Still, it can be hard to keep this all organized, and to find what you want. The disambiguation pages listing people with the same or similar names are a good example. When we created the initial set of person pages, we created simple disambiguation pages, with names and active dates. However, these are entirely static, in that they do not reflect the content on the pages they link to. For example, if I update a player's page with his 2009 teams, it does not update a corresponding disambiguation page to indicate he was active through 2009. If I add another person with the same name, I must also manually edit the disambiguation page to add him.
This is all fine and well as we start on the project, but it's clear that we need a more robust solution that will serve us well over many years. On selected disambiguation pages, I am rolling out an initial cut at what I believe may be part of the solution. Have a look at the disambiguation page [[John Smith]] in the Encyclopedia. At the top is the original, manually-organized list of all the John Smiths. Below that is an experimental query on the wiki which generates the same list. As most readers of this know, we are making heavy use of Semantic Mediawiki (http://www.semantic-mediawiki.org) in the development of the project. This extension allows us to associate properties with each page, and to do queries on those properties.

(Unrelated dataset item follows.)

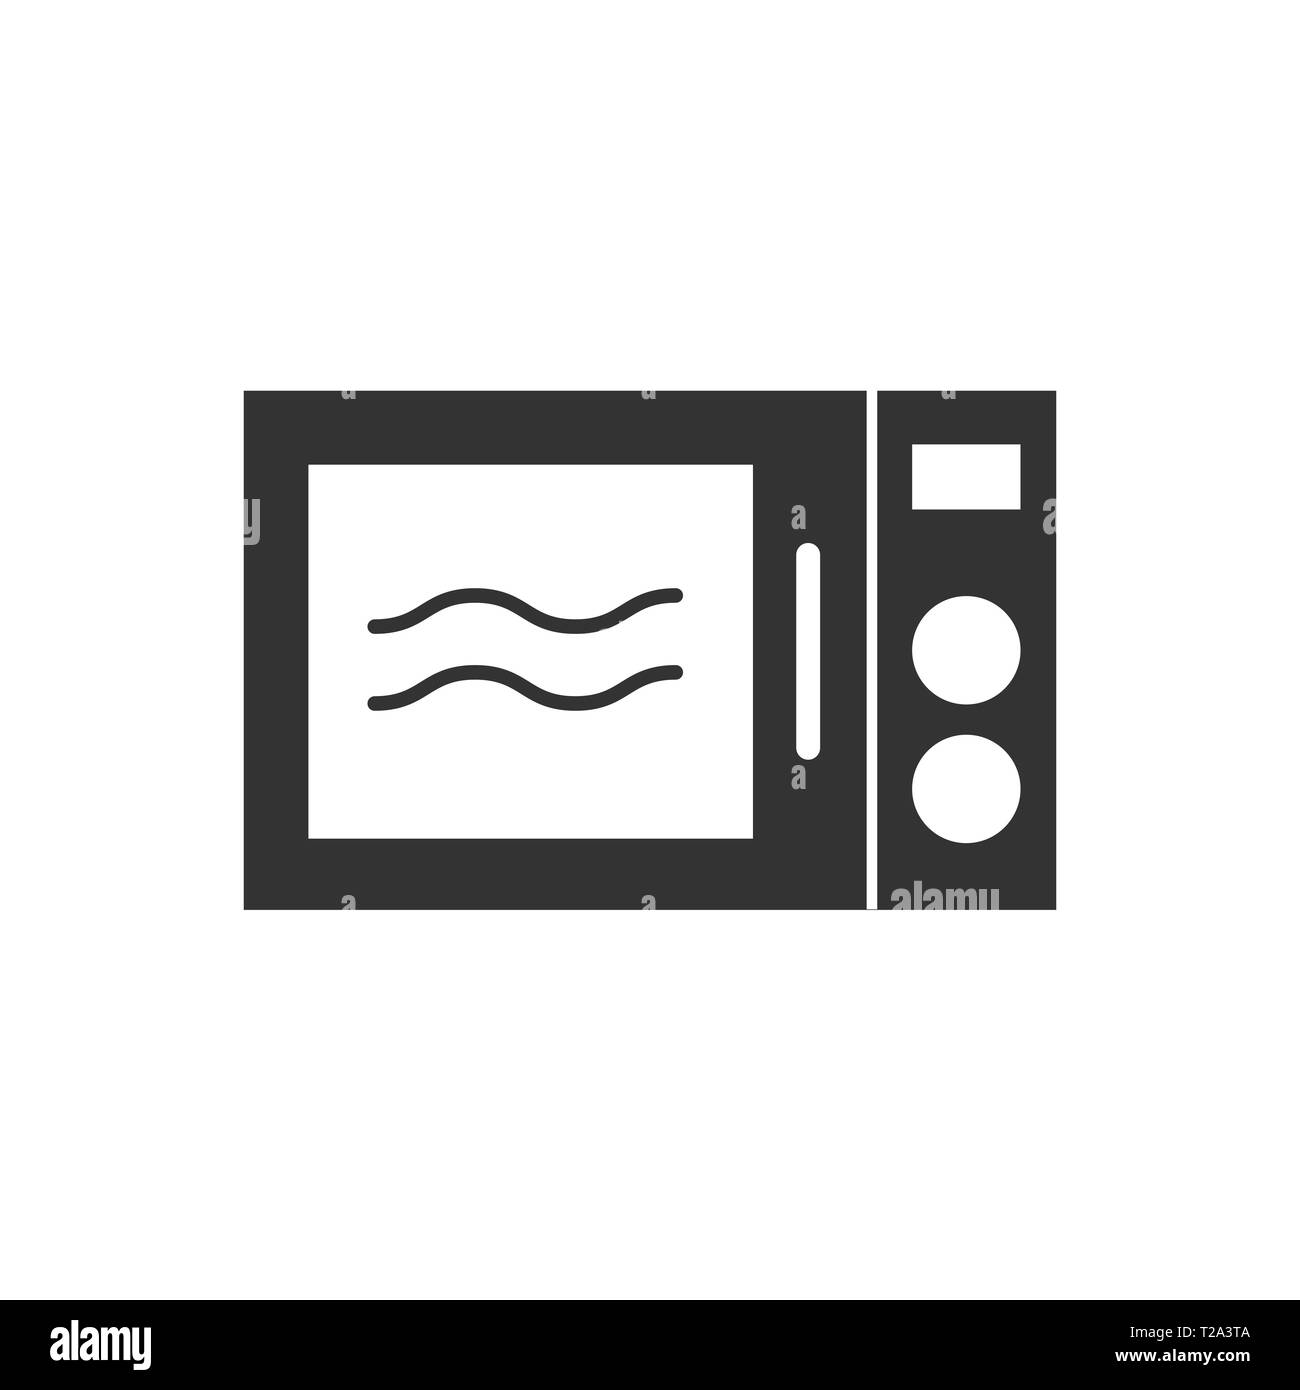 Vector illustration, flat design. Home appliance, kitchen microwave icon Stock Vector

You've seen this in action already on team pages, where the rosters, managers, and ballparks are automatically generated using such queries. The experimental disambiguation page is similar.
I think the potential power of this approach is clear. The list of teams each person played for is generated from the individual person pages, so there is no issue with keeping multiple pages synchronized. If we add a new person with the same name, the disambiguation page will automatically be updated. (Note: For performance, queries like this are cached and only refreshed periodically. You may need to click the "refresh" tab at the top of the screen to see very recent edits reflected on these pages.)

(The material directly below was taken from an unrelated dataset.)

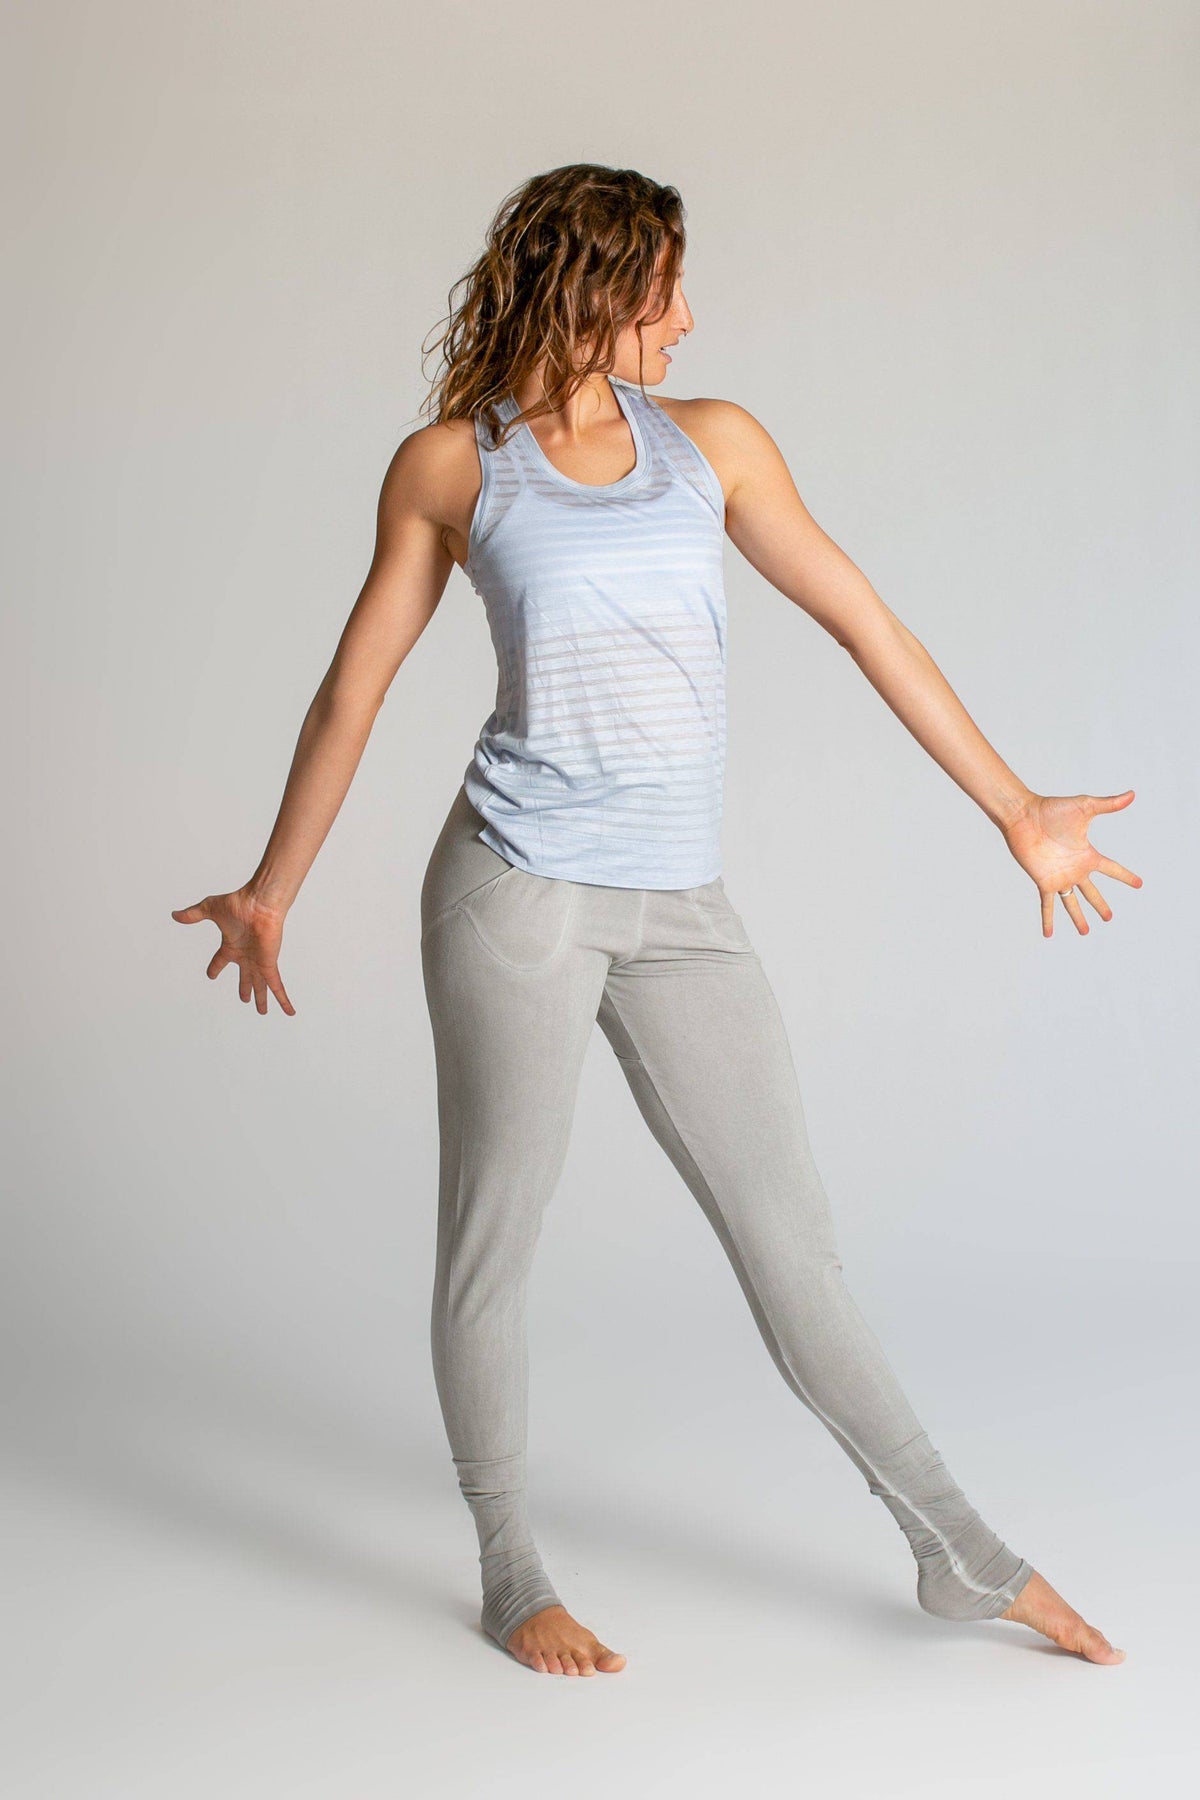 Limited Edition Striped Viscose Racer Back Tank Top - womens clothing - Ripple Yoga Wear

There is still much to do on these disambiguation pages. The query does not currently list non-playing engagements, so managing, umpiring, etc. doesn't show up. It would also be helpful to be able to list dates of birth and other biographical information. It will take some trial and error to come up with a visually appealing solution that communicates the information a user is looking for, to help find the right guy out of a list of 40+ people with the same name. The good news is that there are no technical barriers to doing so; with time and experience, these queries will improve.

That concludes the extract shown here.